# The promise....



## WiiMiiSwitch (Jun 15, 2021)

I previously made a poll on whether I should wrestle tempBOT or not. 
https://gbatemp.net/threads/poll-should-i-wrestle-tempbot.586187/
Literally, everyone voted yes.
You thought Logan Paul and Floyd Mayweather was big
THIS IS THE BIGGEST WAR OF ALL TIME
POLL LORD VS TEMPBOT


----------



## JuanBaNaNa (Jun 15, 2021)

Tpbot won't like this if you keep bothering it.
You might not know it... but Tempbot is even more powerful than P1ngpong.

Be afraid of Tempbot.


----------



## WiiMiiSwitch (Jun 15, 2021)

JuanMena said:


> Tpbot won't like this if you keep bothering it.
> You might not know it... but Tempbot is even more powerful than P1ngpong.
> 
> Be afraid of Tempbot.


I am the poll god, I ain't scared of no bot
Besides, the look at the results
I have to do it.
Soon, the battle will begin


----------



## JuanBaNaNa (Jun 15, 2021)

Well I tried to be reasonable with you. This might be the EOF and I might be a Troll most of the times... but we are serious when we say you shouldn't mess with Tempbot.

Think of it like this:



_Yesterday watched the movie for the very first time and it has memorable quotes._


----------



## WiiMiiSwitch (Jun 15, 2021)

JuanMena said:


> Well I ttied to be reasonable with you. This might be the EOF and I might be a Troll most of the times... but we are serious when we say you shouldn't mess with Tempbot.
> 
> Think of it like this:
> 
> ...



I don't have a choice. I made a promise


----------



## JuanBaNaNa (Jun 15, 2021)

WiiMiiSwitch said:


> I don't have a choice. I made a promise


Well, whatever. You're a halfwit. Alexander is right after all.


----------



## WiiMiiSwitch (Jun 15, 2021)

JuanMena said:


> Well, whatever. You're a halfwit. Alexander is right after all.


Thanks fellow halfwit


----------



## IC_ (Jun 15, 2021)

WiiMiiSwitch said:


> I don't have a choice. I made a promise


While we're talking about promises, remember how you promised that you would make the furry poll?


----------



## WiiMiiSwitch (Jun 15, 2021)

IC_ said:


> While we're talking about promises, remember how you promised that you would make the furry poll?

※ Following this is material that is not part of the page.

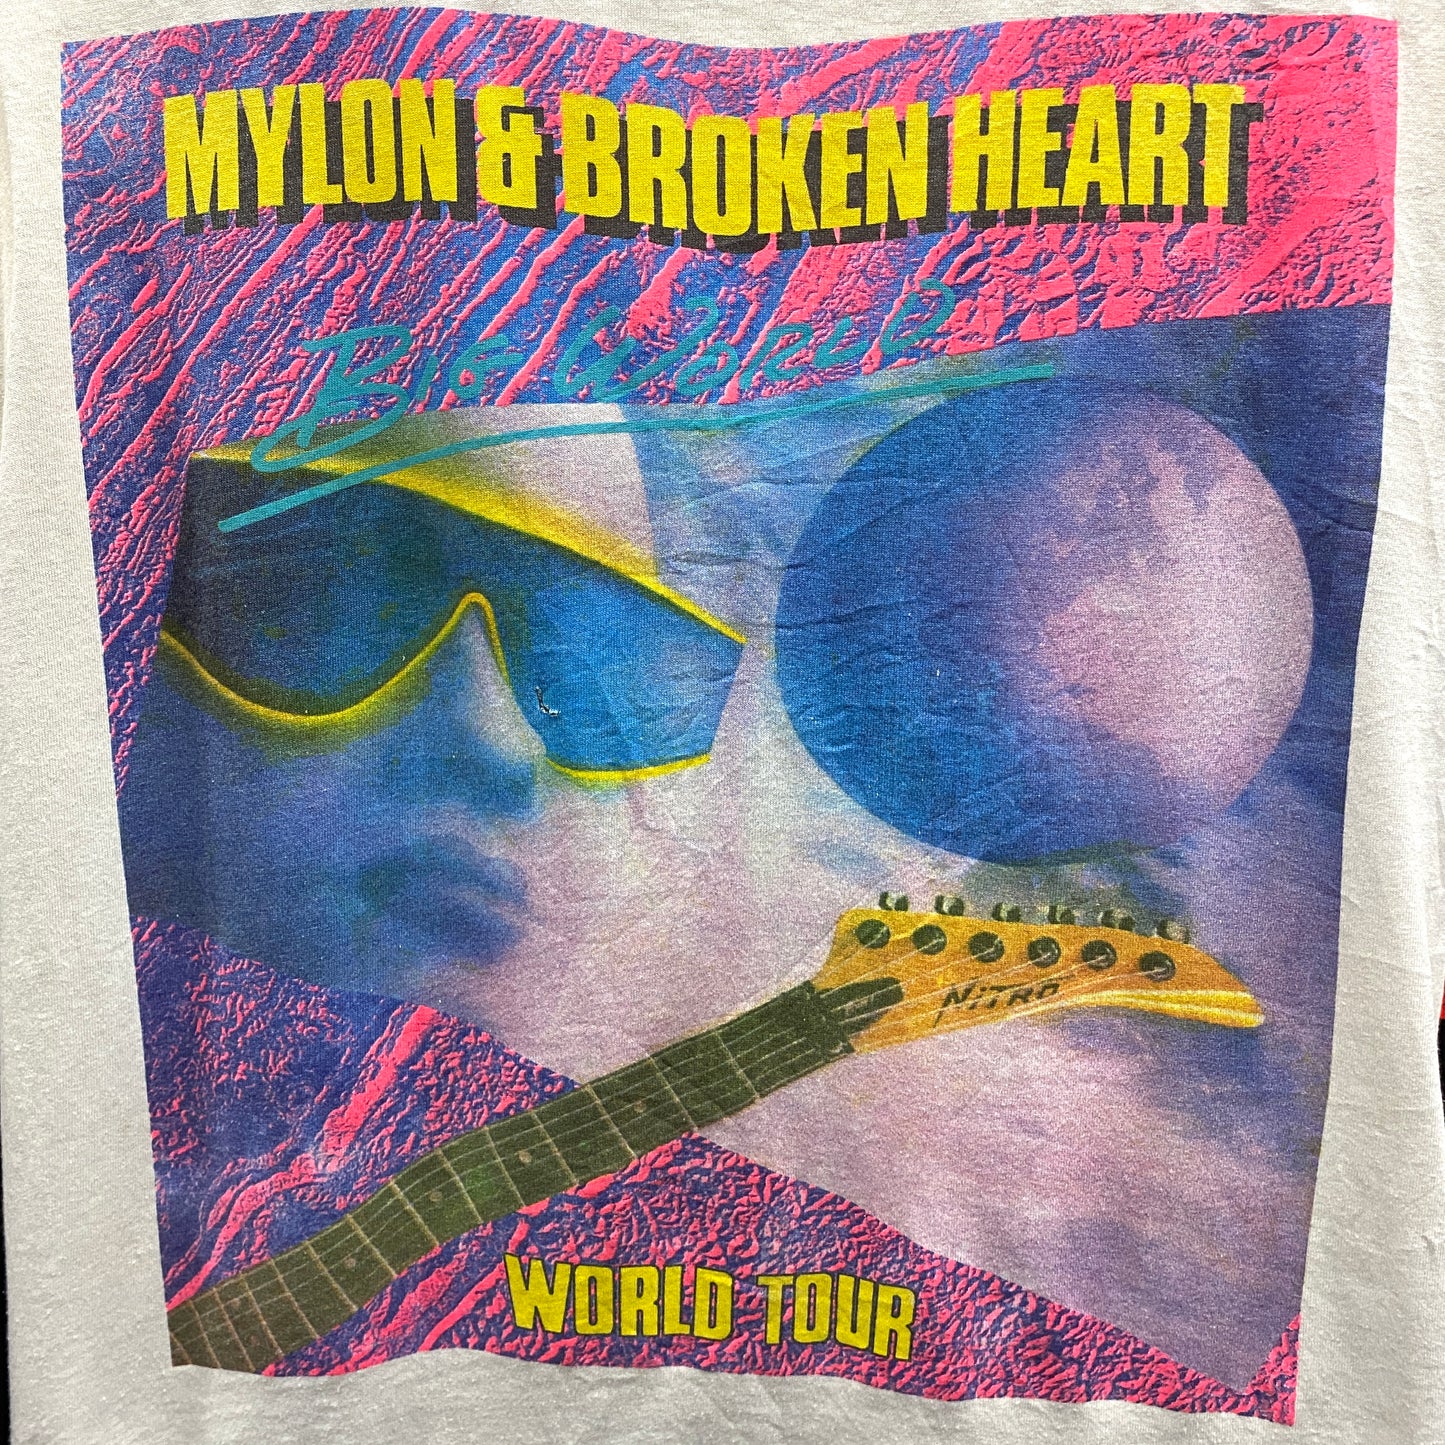 80's Mylon & Broken Heart Tour White Music T-shirt sz L

That's different. I said if I WON


----------



## Vila_ (Jun 15, 2021)

rip wiimii


----------



## WiiMiiSwitch (Jun 16, 2021)

Vilagamer999 said:


> rip wiimii


Rip Mii


----------



## BlazeMasterBM (Jun 16, 2021)




----------



## WiiMiiSwitch (Jun 16, 2021)

BlazeMasterBM said:


>


Help


----------